— Правду?..
Она глубоко вздохнула, словно готовясь к чему-то мучительному и неизбежному, махнула рукой, улыбнулась и сказала:
— Что-то не получается, ты лучше задавай мне вопросы.
— Ты была знакома с Мандрой?
— Да.
— А Альма?
— Нет.
Он вопросительно поднял брови. Она покачала головой и настойчиво повторила:
— Нет, она действительно не знала его.
— А как же портрет? — спросил он. — Ведь это она его написала.
— Нет, это я.
— Ты?
Она кивнула.
— Я уже давно начала писать этот портрет. Вчера вечером, приблизительно в одиннадцать тридцать, я зашла к Мандре. Портрет был почти закончен. Сэм Уайт впустил меня в квартиру. Я ушла за час до убийства Мандры. И это меня художник встретил на лестнице.
— Полиции известно, что ты была у Мандры?
— Конечно, — ответила она. — Они ищут меня весь день, а я от них скрываюсь, потому что мне страшно. Они просто не могут не знать обо мне. Ведь меня видел Сэм Уайт. И потом — этот платочек…
— Это твой платочек?
— Да, мой.
— Ты забыла его у Мандры?
— Похоже, что забыла.
— Ну а теперь расскажи мне все по порядку — с самого начала до самого конца. Итак, что связывало тебя с Мандрой?
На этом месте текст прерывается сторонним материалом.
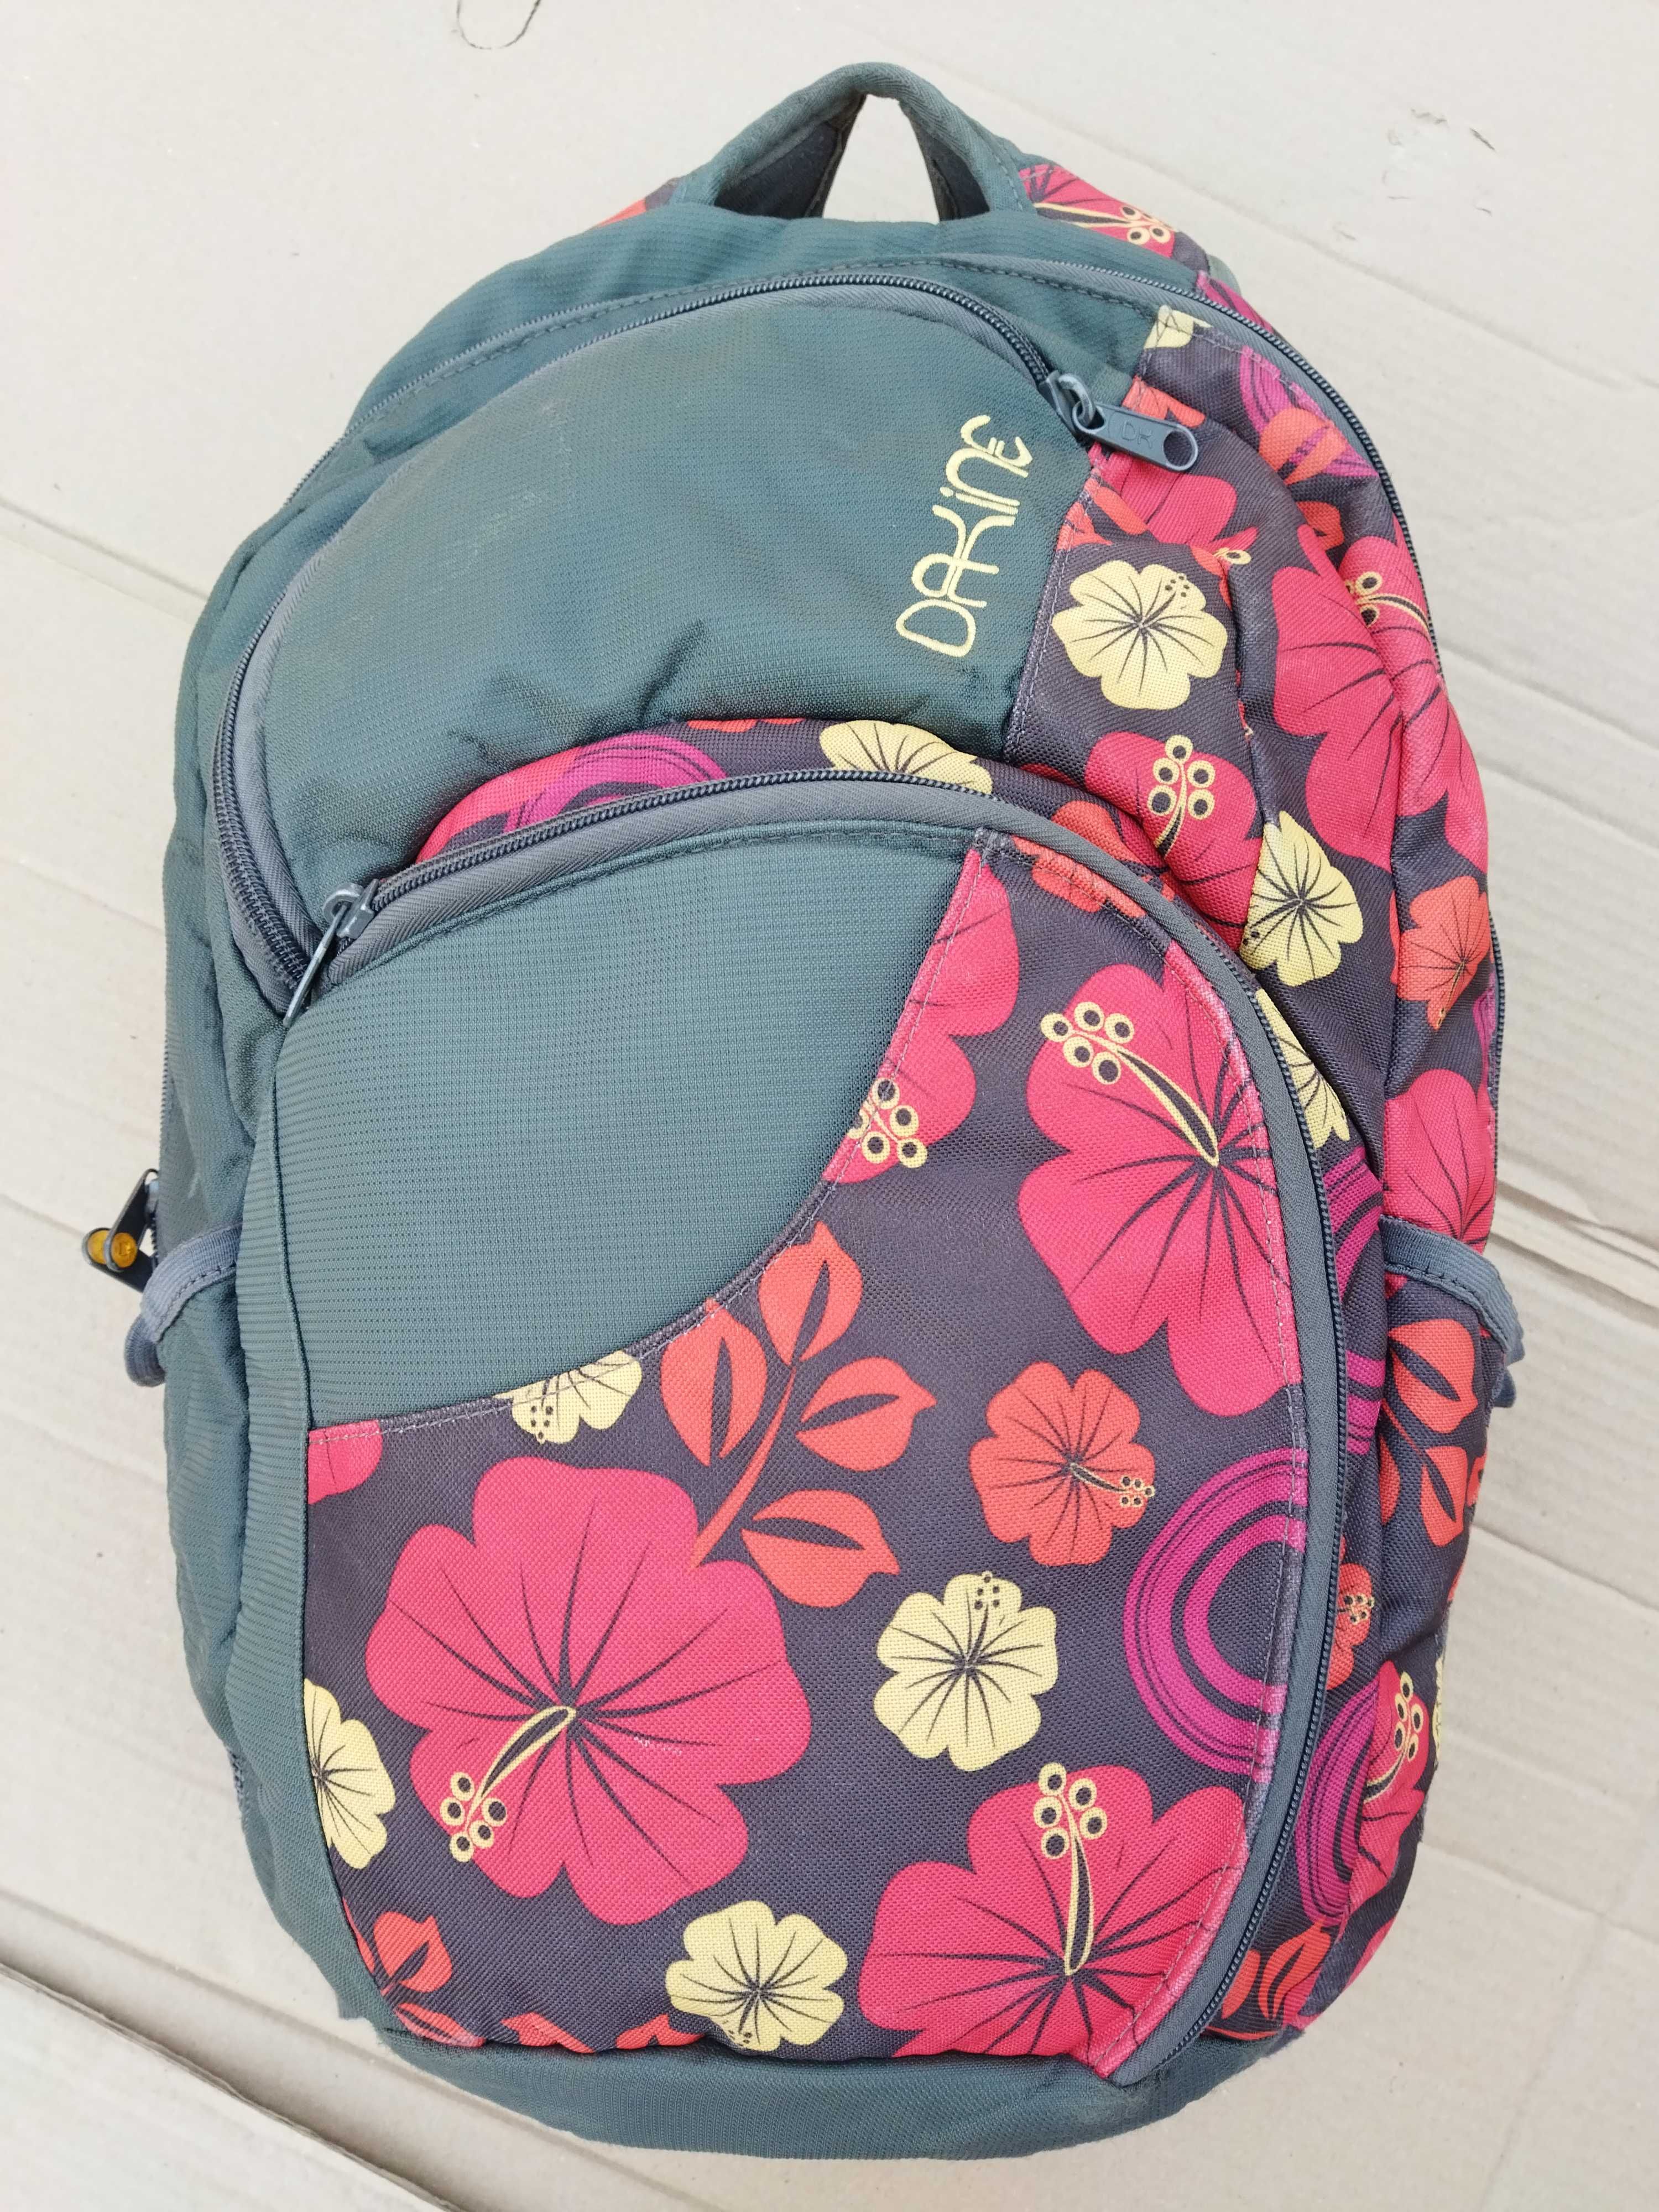 25л - женский пляжный рюкзак Dakine Oceana

— Он оказывал на меня какое-то гипнотическое влияние.
— А власть какую-нибудь он над тобой имел?
— Почему ты думаешь, что он мог иметь надо мной власть?
— Я не думаю, я просто чувствую.
Это случилось месяц назад. Я ехала на машине, при этом была не то чтобы пьяна, а так, выпила самую малость. Ну и сбила человека. Но, клянусь тебе, я не виновата. Я прекрасно вожу машину даже после нескольких коктейлей, но попробуй объясни это судье или присяжным. Не поверят. Честное слово, Филин, никакого наезда не было. Я в этом почти стопроцентно уверена. Навстречу мне ехала какая-то машина, а сзади, на расстоянии примерно ярдов ста, — другая. Даже не знаю, откуда он появился, этот мужчина, — на нем был темный костюм. Он выпрыгнул как бы ниоткуда, из мрака ночи, и остолбенел прямо перед моим автомобилем, словно загипнотизированный светом фар. Я ехала не быстро, ты ведь знаешь, я вообще никогда быстро не езжу. Но там, на этой дороге, висит знак ограничения скорости до пятнадцати миль в час, ну и никто, конечно, не обращает на него внимания. Я развила скорость миль двадцать пять, от силы тридцать, в час. Машина, которая ехала за мной, двигалась примерно с такой же скоростью, а та, что шла навстречу, намного быстрей. Был плотный туман, дорога мокрая, скользкая. Я, конечно, могла затормозить, но подумала, что это ему все равно не поможет. Этот человек, он оказался прямо перед моей машиной. Как он туда попал? Машина, которая шла навстречу, была уже очень близко, и мне просто некуда было свернуть. Я все же попыталась сделать хоть что-нибудь, резко крутанула руль влево, потом вправо, машину занесло, и я уж было подумала, что благополучно проскочила, так и не задев его, но вдруг почувствовала, как о машину что-то ударилось, что-то живое. Ну, знаешь, как бывает, когда наезжаешь на цыпленка или кролика.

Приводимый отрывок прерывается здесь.